Textiles, ornamentations, patterns of tiles - the “supporting surface",
the visual infrastructure from which this painting emerges discloses
everything: decorative textures. We, who have grown accustomed lately
to feminist provocations in the sphere of the woman who decorates,
and decorates herself, may not have recalled the linguistic parallel
in Hebrew between “kishut" (decoration) and “kushta”, which
means truth and honesty. It is also doubtful whether Hagit Shahal
is aware of this lexicology, but there is no doubt that she sets
out from decoration in order to arrive at the truth beyond it. Will
the carpet engulf the figure on top of it, or will the woman triumph
over the background? This is painting as a process of self-knowing.
Her point-of-departure, after all, is not simply any kind of decoration,
but floor decorations. Her canvases - carpets, towels, etc. - lie
on the ground and her self-portraits are all in a supine position.
Might we say, the position of a candidate for being trampled on
or run over?
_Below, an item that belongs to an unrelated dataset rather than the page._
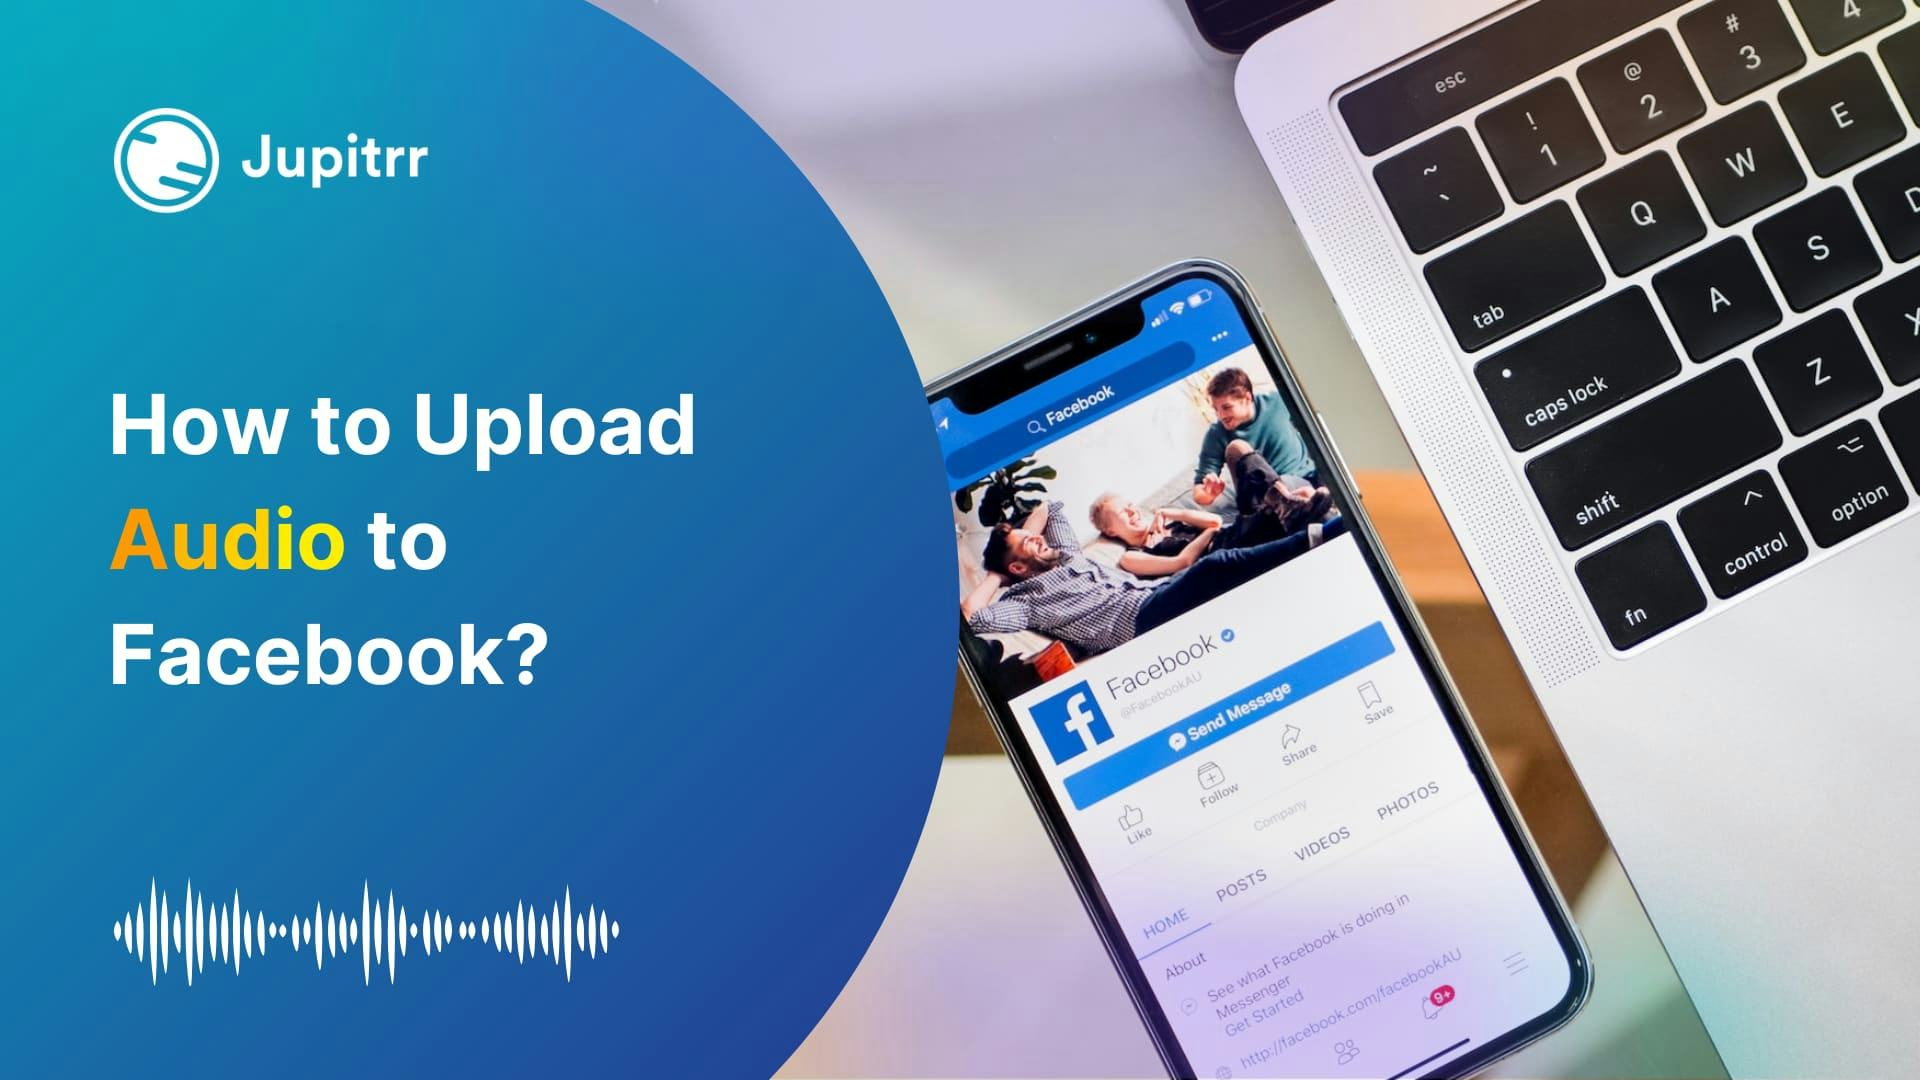 How to Upload Audio to Facebook?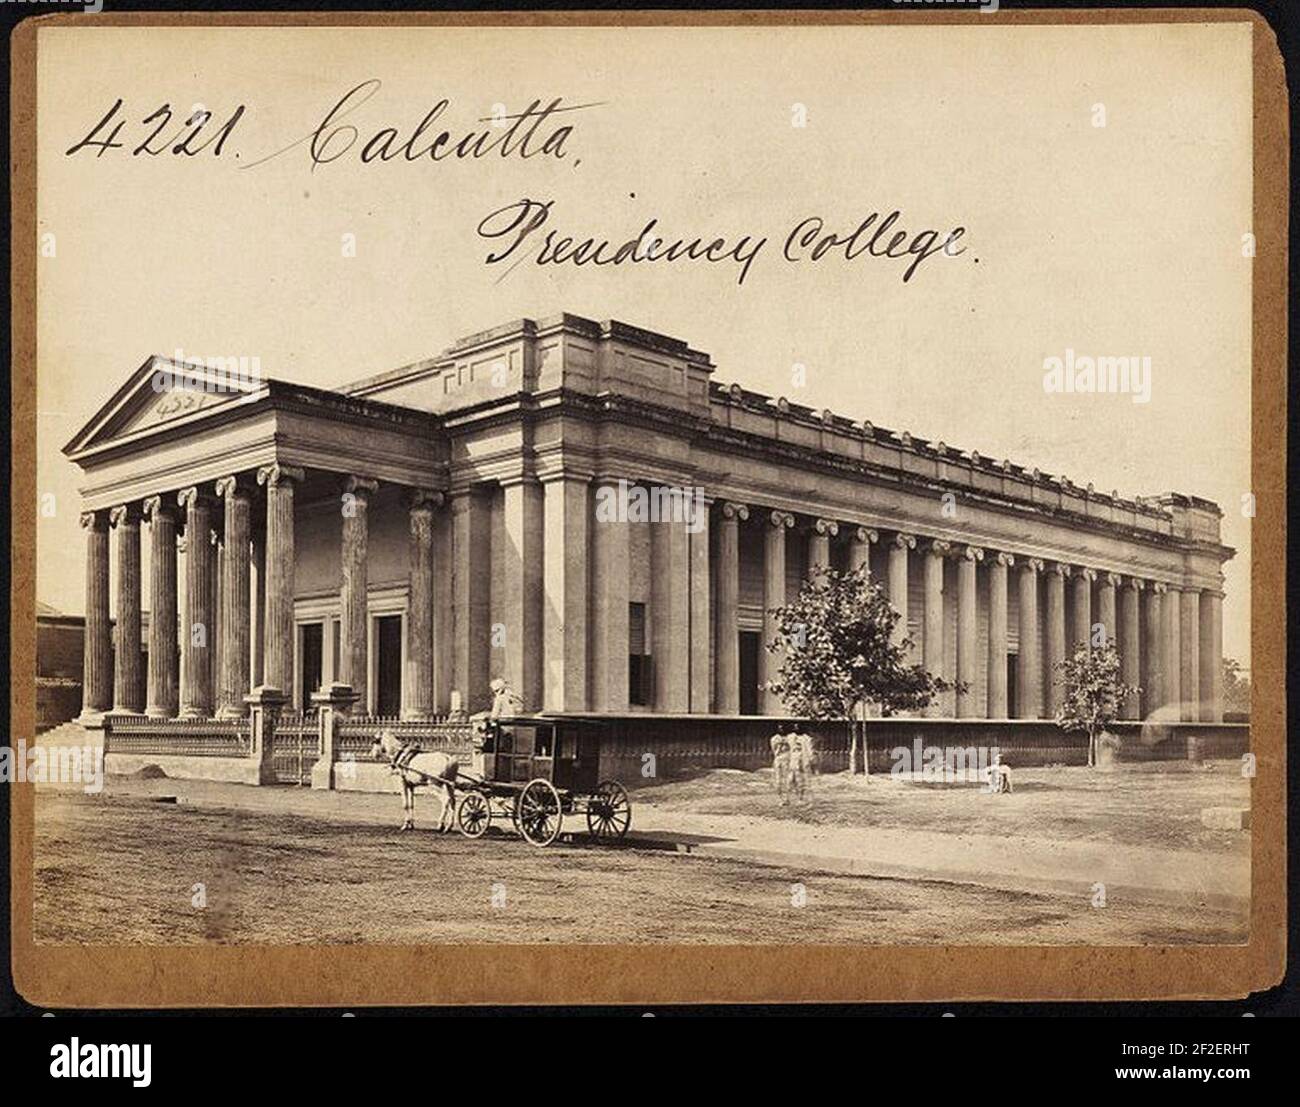 Presidency College, Calcutta by Francis Frith (2). Stock Photo

Or, better - shall we ignore the supine position as
a state of psychoanalytic exposure that reveals the most intimate
of all? After all, even the close-ups of the head, which recur in
these paintings, promise us spaces for pondering, which are also
hinted at in several postures of pondering. And alternately, if
not contrastingly, the supine position as the position of the woman
as seductress, as an erotic image of a male fantasy. Here we have
the dualism.
Is she enjoying herself or suffering there, on the floor? Is she
resting? Getting a suntan? Or, is she not in anguish (a bad dream?
Pain?), or angry? Or perhaps she is only modeling these psychological
states? The various paintings, these self-portraits, do not promise
an unequivocal answer. They take care to leave us in ambiguity.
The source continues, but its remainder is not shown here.